Create unmanaged .dll library with whatever instructions you want and use P/Invoke to call it.

Igor Korkhov
+2  A: 

It is not an option. You'll have to P/Invoke a function in DLL that was generated by MASM or written in unmanaged C/C++, using inline assembly or intrinsics. Or use the C++/CLI compiler and generate mixed mode code with #pragma managed.

Beware that you now can no longer depend on the JIT compiler generating whatever platform code is suitable for the operating system. Use Project + Properties, Build tab, Platform Target to force the architecture to match your unmanaged code.
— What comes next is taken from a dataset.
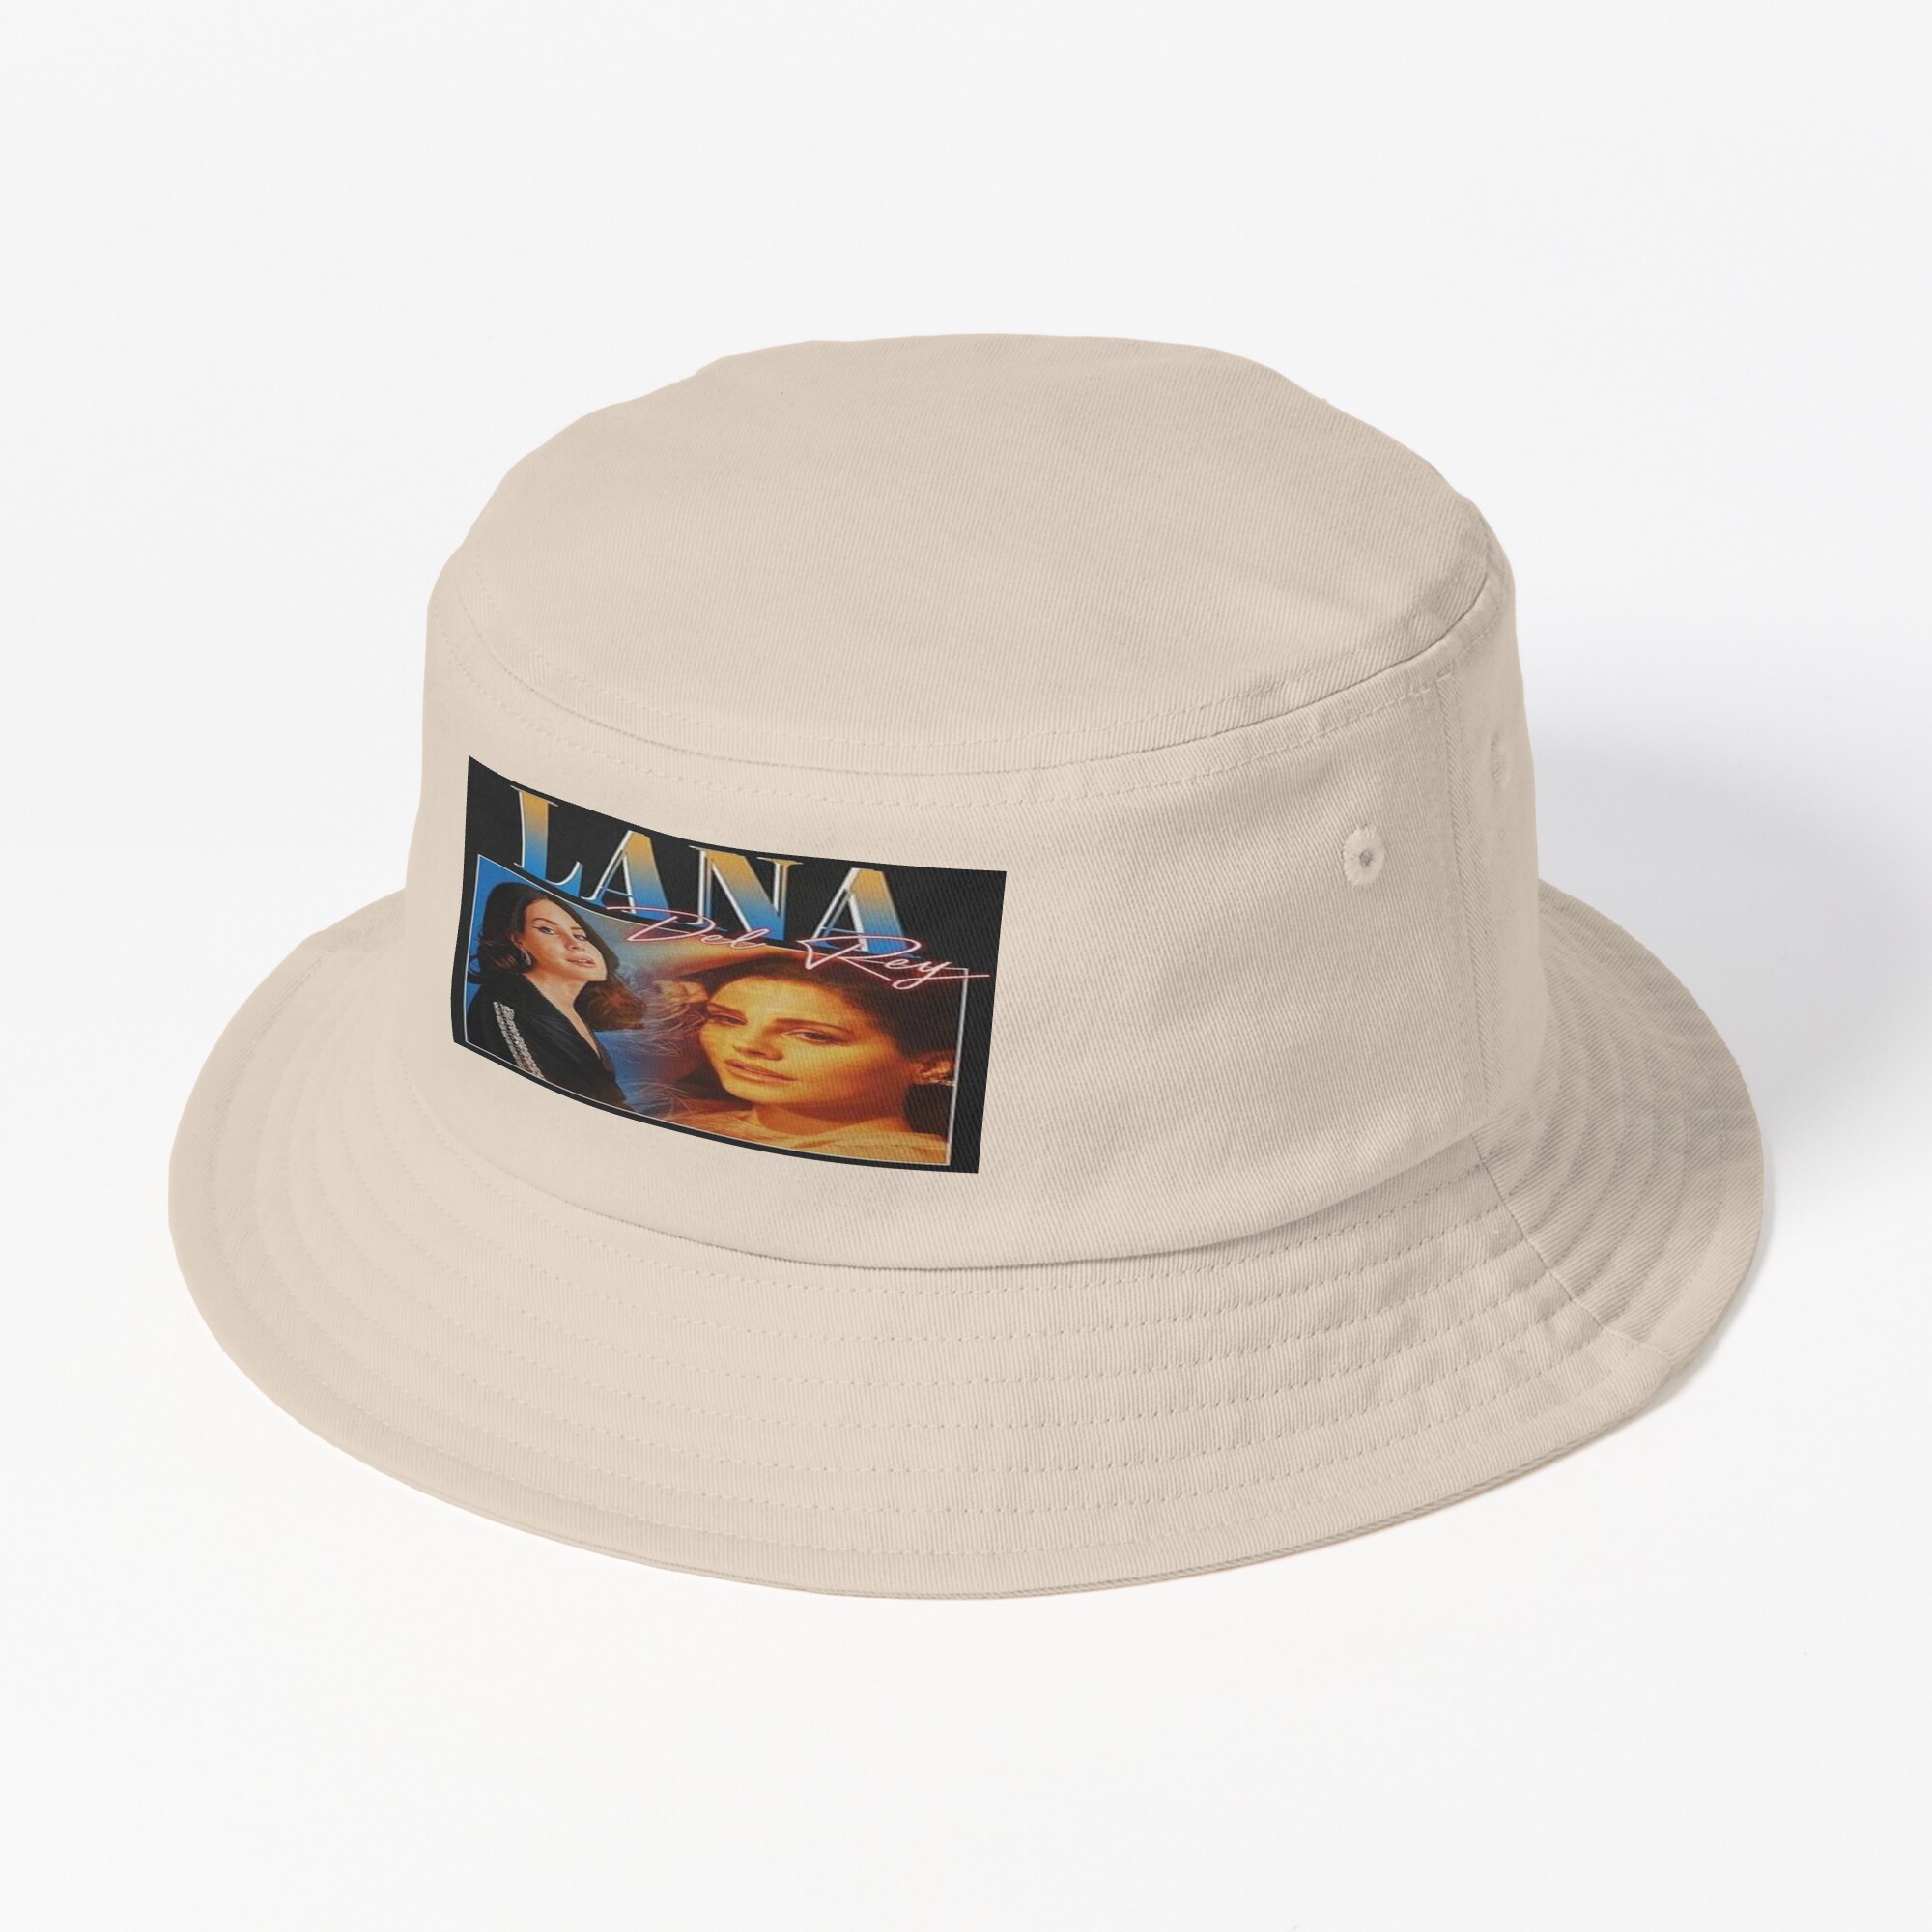 ssrcobucket hatproducte5d6c5f62bbf65eeprimarysquare2000x2000 bgf8f8f8 1 - Lana Del Rey Merch

Look at CUDA for managed GPU code.

Hans Passant
+7  A: 

There are a few GPU options for C#, for direct access without reverting to P/Invoke or writing your own C++ wrappers:

  • Brahma is quite interesting. It provides access to the GPU directly via a customized LINQ provider. The code includes some samples of highly computational methods run on the GPU, all written in C# via LINQ.
  • SlimDX provides a nice .NET wrapper to all of the major DirectX functionality. With custom shaders, you can do computation on the GPU via DirectX. It also includes DX11 support, so you can use the compute shaders directly (if you have the hardware for it).
  • You can access CUDA via CUDA.NET.
  • You can use OpenCL via OpenCL.NET.

As for CPU instructions, this typically would require dropping to lower level native code with assembler instruction. Probably the most interesting completely managed (at least partially related) option would be to use Mono.Simd, which provides direct access to the SIMD instructions in the CPU from managed code when running on the Mono stack.